Single by Marvin Gaye

from the album The Marvin Gaye Collection
- Released: 1990
- Recorded: 1970–1972 1990 (single version overdubs)
- Genre: Soul
- Length: 4:05
- Label: Tamla
- Songwriter: Marvin Gaye
- Producer: Marvin Gaye

Marvin Gaye singles chronology
| "The World Is Rated X" (1986) | "My Last Chance" (1990) | "Lucky, Lucky Me" (1994) |

= My Last Chance =

1990 song by Marvin Gaye

"My Last Chance" is a song by American recording artist Marvin Gaye. Gaye originally recorded the song as an instrumental in 1970, during the Detroit sessions of What's Going On. In 1972, while recording the album Let's Get It On in Los Angeles, he added vocals. A short time after, the song was revised, with his wife, Anna Gordy Gaye, and his collaborator, Elgie Stover, as "I Love You Secretly" for The Miracles' 1973 album, Renaissance.

The original unrevised version first appeared as "I Love You Secretly (a.k.a. My Last Chance)" on the box set The Marvin Gaye Collection, September 1990. A single version, titled "My Last Chance", with a then-modern R&B-styled quiet storm production, was issued the same year on 7-inch vinyl and cassette, which gave Gaye his first charted Billboard single as a posthumous artist in five years, peaking at number 16 on the Hot R&B Singles & Tracks chart.
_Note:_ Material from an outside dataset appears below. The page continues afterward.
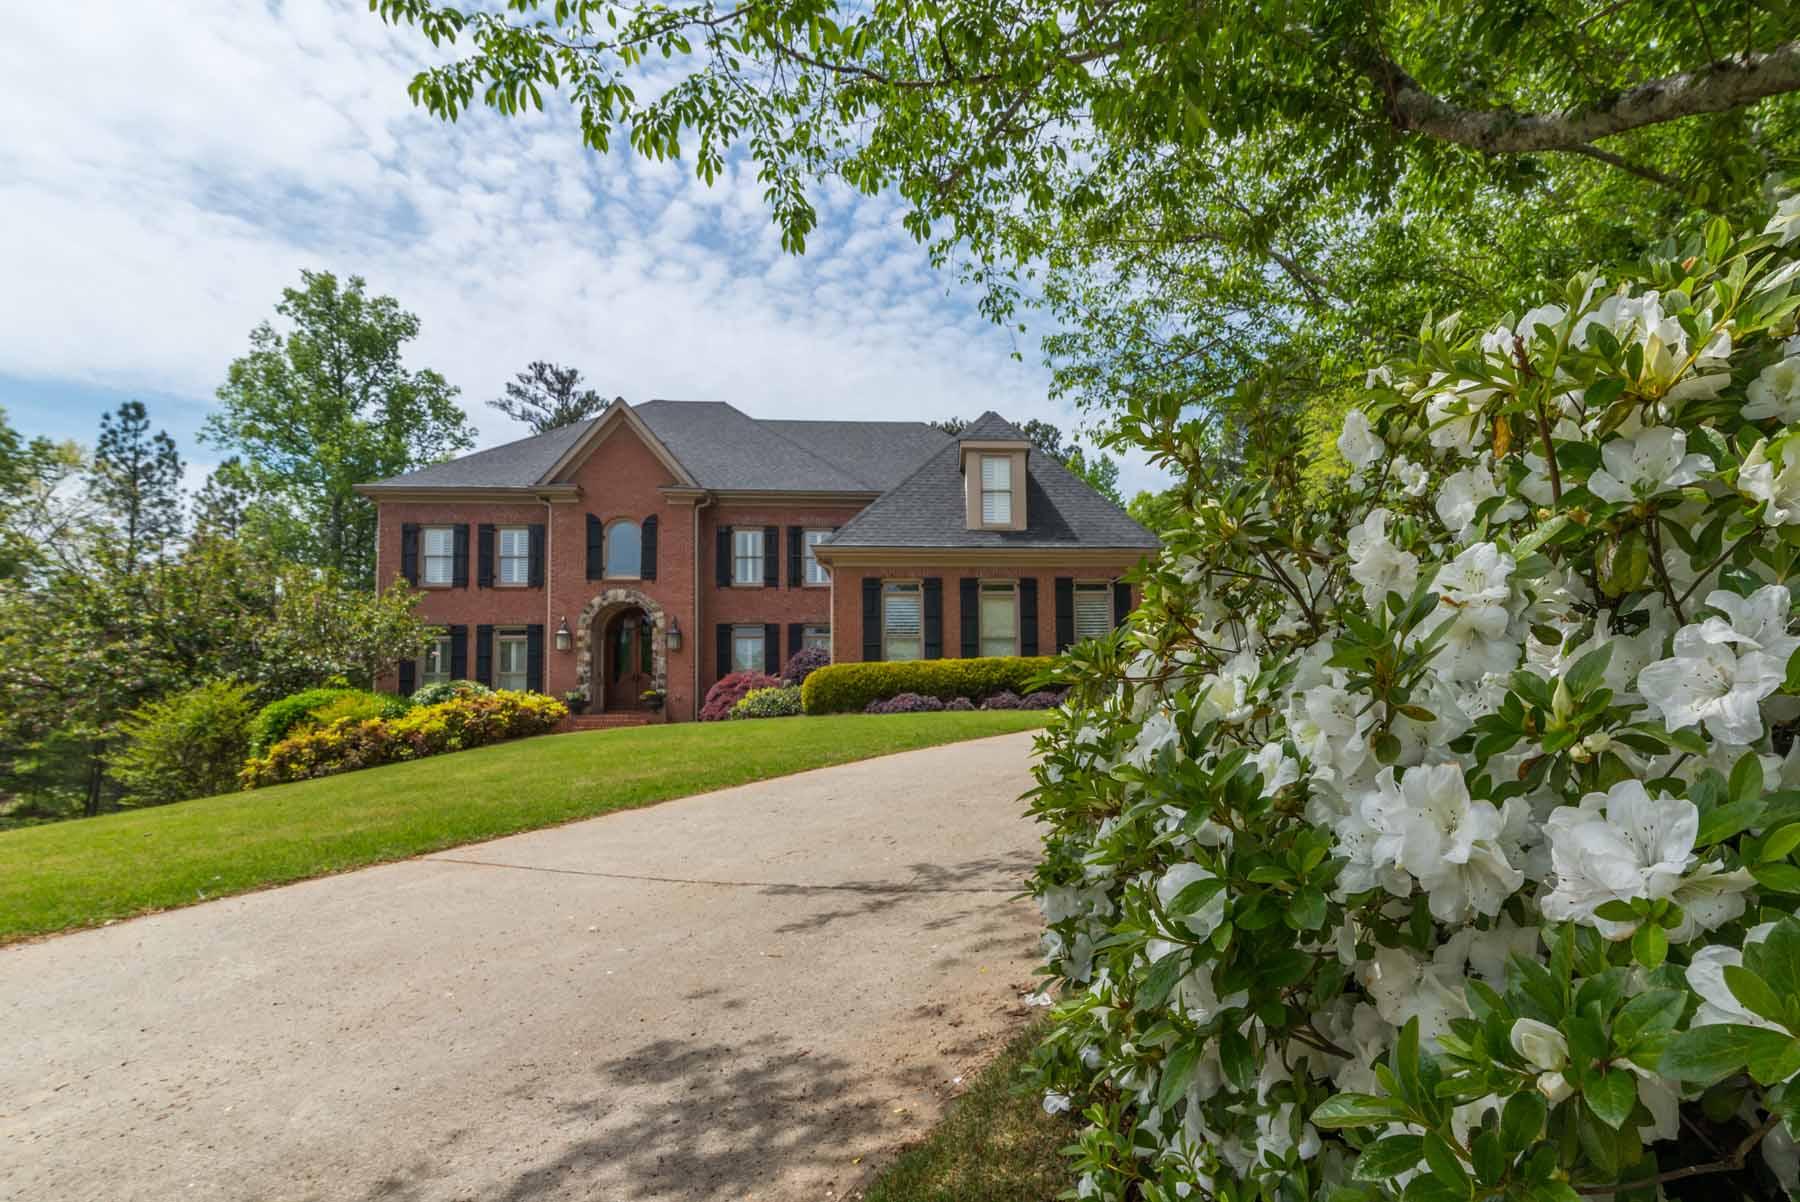 Villa per Vendita alle ore Impeccable Home at Golf Club of Georgia 1155 Admiral Crossing Alpharetta, Georgia, 30005 Stati Uniti

In 2001, the original unrevised version, issued on The Marvin Gaye Collection, was included in the compilation The Best of Marvin Gaye - Volume 2: The 1970s as part of the 20th Century Masters series.

On February 8, 2019, a new mix by Salaam Remi was released online as a promotion for an upcoming posthumous album. On March 29 of the same year, the "Remi Mix" was released on Gaye's fourth posthumous album, You're the Man.

==Personnel==
Original:
- All vocals by Marvin Gaye.
- Instrumentation by The Funk Brothers.
- Produced by Marvin Gaye.

Single version:
- Vocals by Marvin Gaye.
- Vocal overdubs by The Waters.
- Instrumental and vocal overdubs produced by Steve Lindsey and Zack Vaz.